Seorang gadis mengadu pada ibunya, berkeluh kesah tentang
kehidupannya yang dirasa amat berat. Gadis itu tidak tahu bagaimana dia akan
melalui semua itu dan merasa ingin menyerah saja. Dia merasa lelah berjuang dan
menderita dalam kehidupan ini. Jika satu masalah teratasi, akan timbul masalah
baru. Ibunya mengajak putrinya menuju dapur. Diisinya 3 buah panci dengan air
dan direbusnya air itu dengan api yang besar. Begitu semua air mendidih, dia
masukkan wortel pada panci pertama, telur pada panci ke dua, dan butiran kopi di panci
terakhir. Mereka menunggu sampai ketiga air di panci kembali mendidih. Dalam 20
menit kompor-kompor dimatikan oleh sang ibu. Wortel dikeluarkan
dan diletakkannya di sebuah piring. Begitu juga dengan telur dan kopi diletakkan
dalam piring dan gelas berbeda. Sang ibu memandang putrinya sambil berkata :
“Katakan apa yang kamu lihat.” Putrinya menjawab : “Wortel, telur dan kopi”. Ibunya
meminta putrinya agar mendekat dan merasakan wortel itu. Wortel itu menjadi
lembek. Ibunya kemudian meminta putrinya untuk memecahkan telur yang telah
matang itu. Setelah mengupas kulitnya, dia sadar bahwa isi telur itu telah
mengeras karena direbus. Akhirnya sang ibu meminta putrinya untuk meminum kopi yang telah
matang. Putrinya tersenyum merasakan keharuman kopinya. “Apa arti
semua ini, ibu?” tanya putrinya.
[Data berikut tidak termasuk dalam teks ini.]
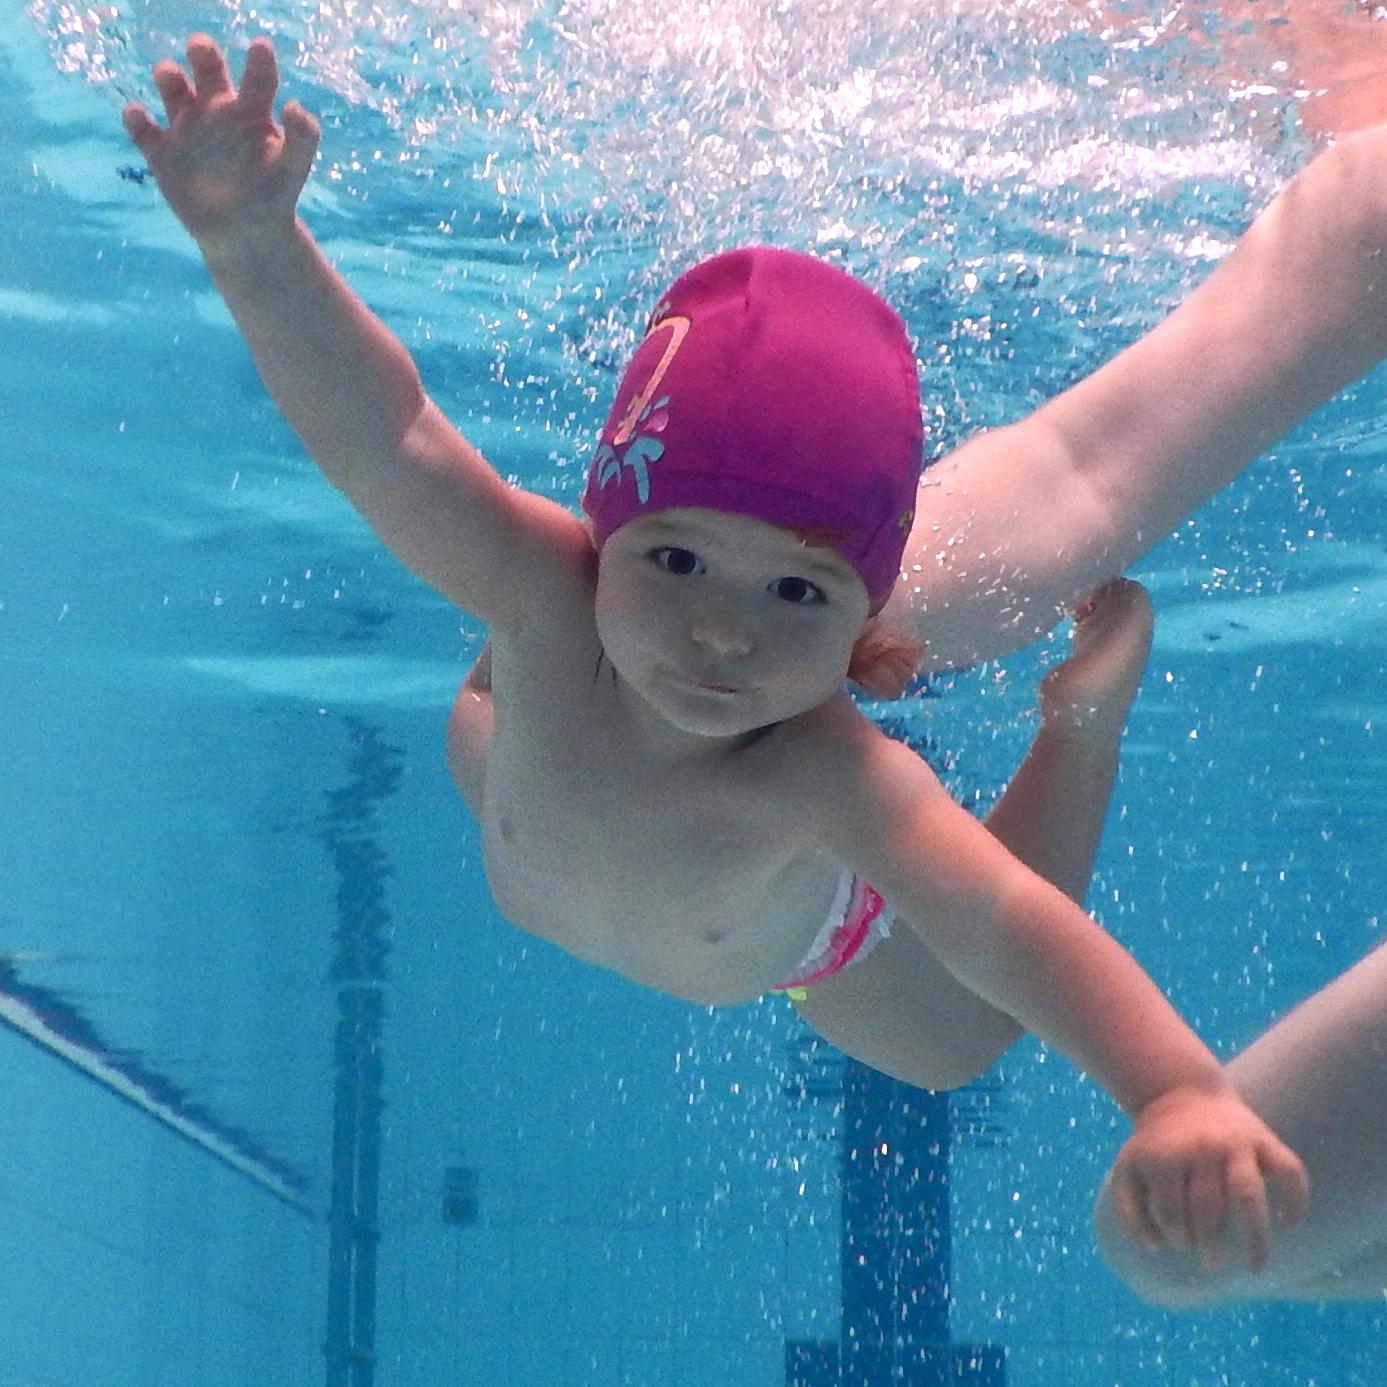 bebè in acqua piscina per neonati

Ibunya menjelaskan bahwa setiap benda-benda
itu telah melewati “Kemalangan” yang sama, yaitu direbus di dalam air mendidih.
Namun tiap benda punya reaksi berbeda. Wortel itu sebelumnya kuat, keras dan
“tidak berperasaan”. Namun setelah direbus dia menjadi lunak dan lemah. Telur itu
sebelumnya rentan, mudah pecah. Punya dinding tipis untuk melindungi cairan di
dalamnya. Namun setelah direbus, cairan di dalamnya menjadi keras. Sedang
butiran kopi adalah fenomena unik, ia menjadi air setelah direbus.”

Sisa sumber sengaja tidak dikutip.